Se il razzismo perde la sua virulenza non lo si deve dunque a un'evoluzione mentale. Non c'è rivoluzione interiore che possa spiegare questa necessità per il razzismo di adottare sfumature ed evolversi. Dappertutto gli uomini hanno iniziato un processo di liberazione, scuotendosi dal letargo a cui l'oppressione e il razzismo li avevano condannati.

Nel cuore delle «nazioni civilizzatrici», i lavoratori hanno finalmente scoperto che lo sfruttamento dell'uomo, fondamento di un sistema, assume aspetti diversi. A questo punto il razzismo non osa più mostrarsi senza la propria maschera. Contesta se stesso. Aumentano sempre più le circostanze in cui il razzista si nasconde. Lui che pretendeva di «sentirli», di «indovinarli», si scopre preso di mira, osservato, giudicato. L'intenzione del razzista diventa allora un'intenzione ossessionata dalla cattiva coscienza. L'unica salvezza può venirgli da un impegno passionale quale si riscontra in certe psicosi. Uno dei maggiori meriti del professor Baruk (1) è di aver accuratamente analizzato la semiologia di questi deliri passionali.

Il razzismo non è mai un elemento accessorio, che salta fuori per caso nel corso di una ricerca sui dati culturali di un gruppo. La costellazione sociale e il contesto culturale sono profondamente modificati dalla sua presenza.

Si dice comunemente che il razzismo sia una piaga dell'umanità. Ma è una frase che non ci può soddisfare. Bisogna non stancarsi di cercare le ripercussioni del razzismo a tutti i livelli della socialità. L'importanza che il problema razziale ha nella letteratura americana è significativa. Il negro al cinema, il negro e il folklore, l'ebreo e le storielle per bambini, l'ebreo al bar, sono temi inesauribili.
Il razzismo, sempre per quel che riguarda l'America, ossessiona e vizia la cultura americana. Questa cancrena dialettica è esacerbata dalla presa di coscienza e dalla volontà di lotta di milioni di neri e di ebrei presi di mira da questo razzismo.

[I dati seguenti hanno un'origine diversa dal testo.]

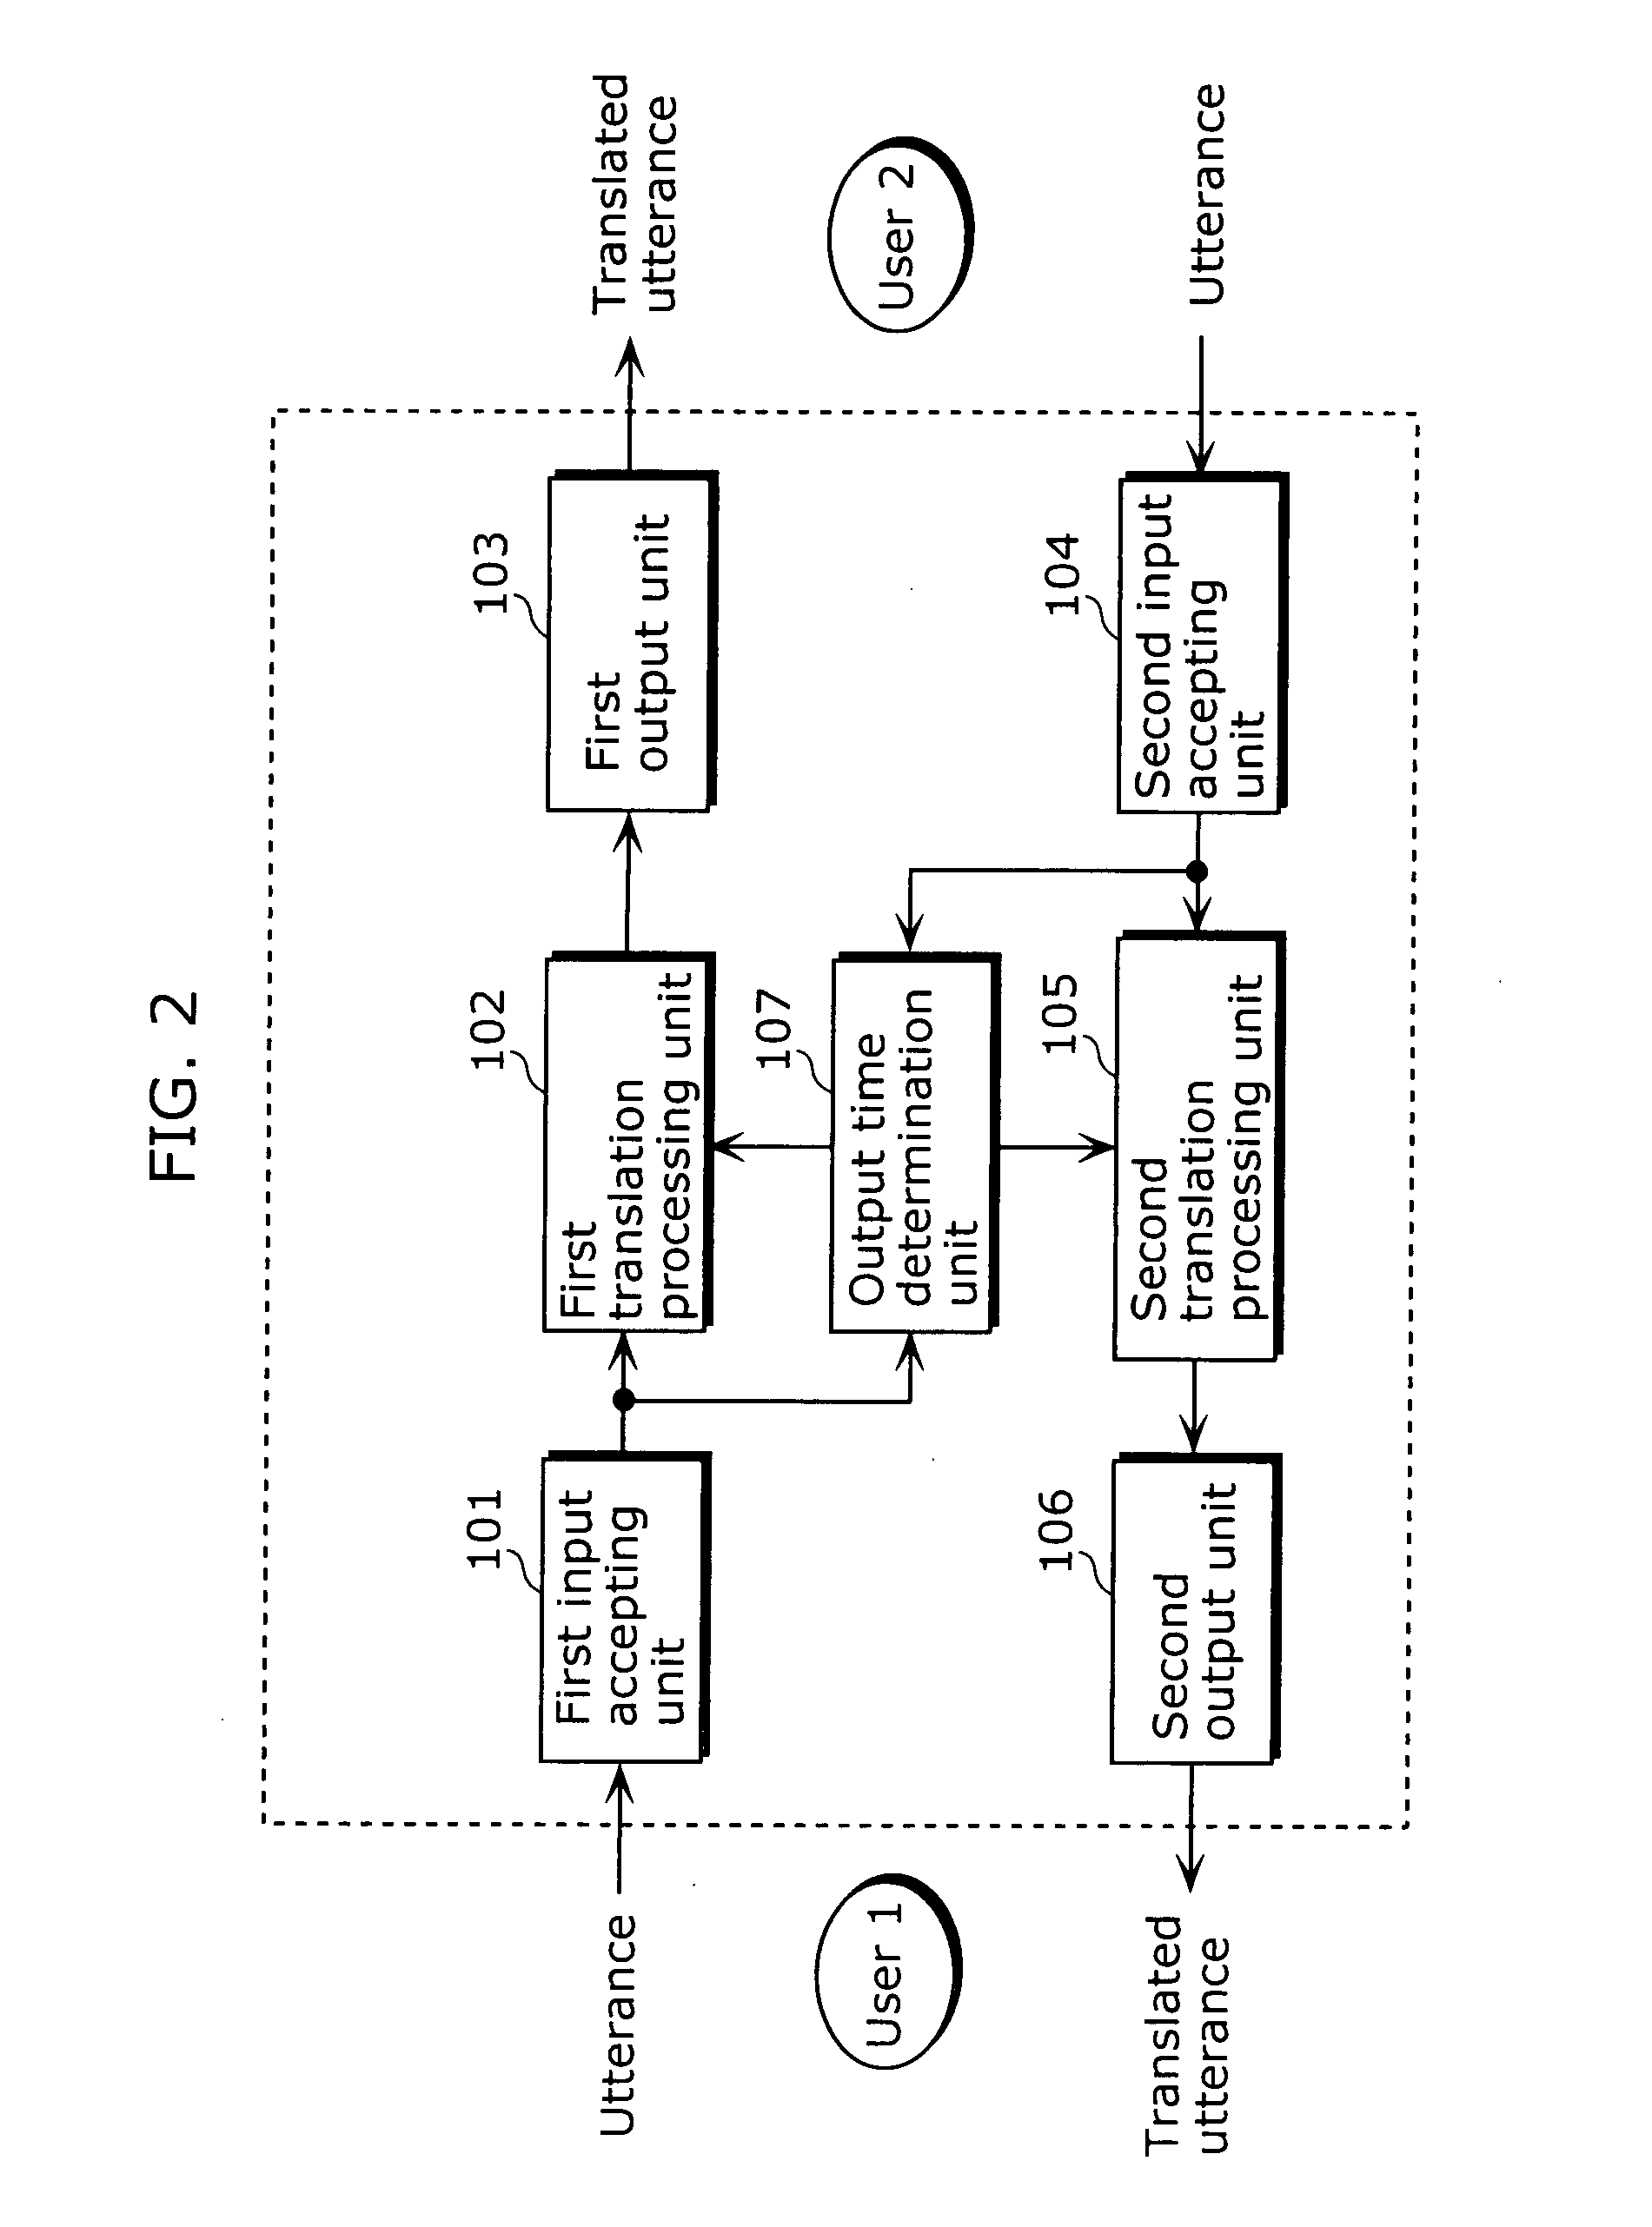 Dialogue supporting apparatus

Tale fase passionale, irrazionale, senza giustificazione, mostra, quando la si esamini, un volto spaventoso. La mobilità dei gruppi, la liberazione di uomini precedentemente inferiorizzati, in certe zone del mondo, rendono l'equilibrio via via più precario. In modo abbastanza inaspettato il gruppo razzista denuncia la comparsa di un razzismo degli uomini oppressi. Al «primitivismo intellettuale» del periodo di sfruttamento si sostituisce il «fanatismo medievale per non dire preistorico» del periodo della liberazione.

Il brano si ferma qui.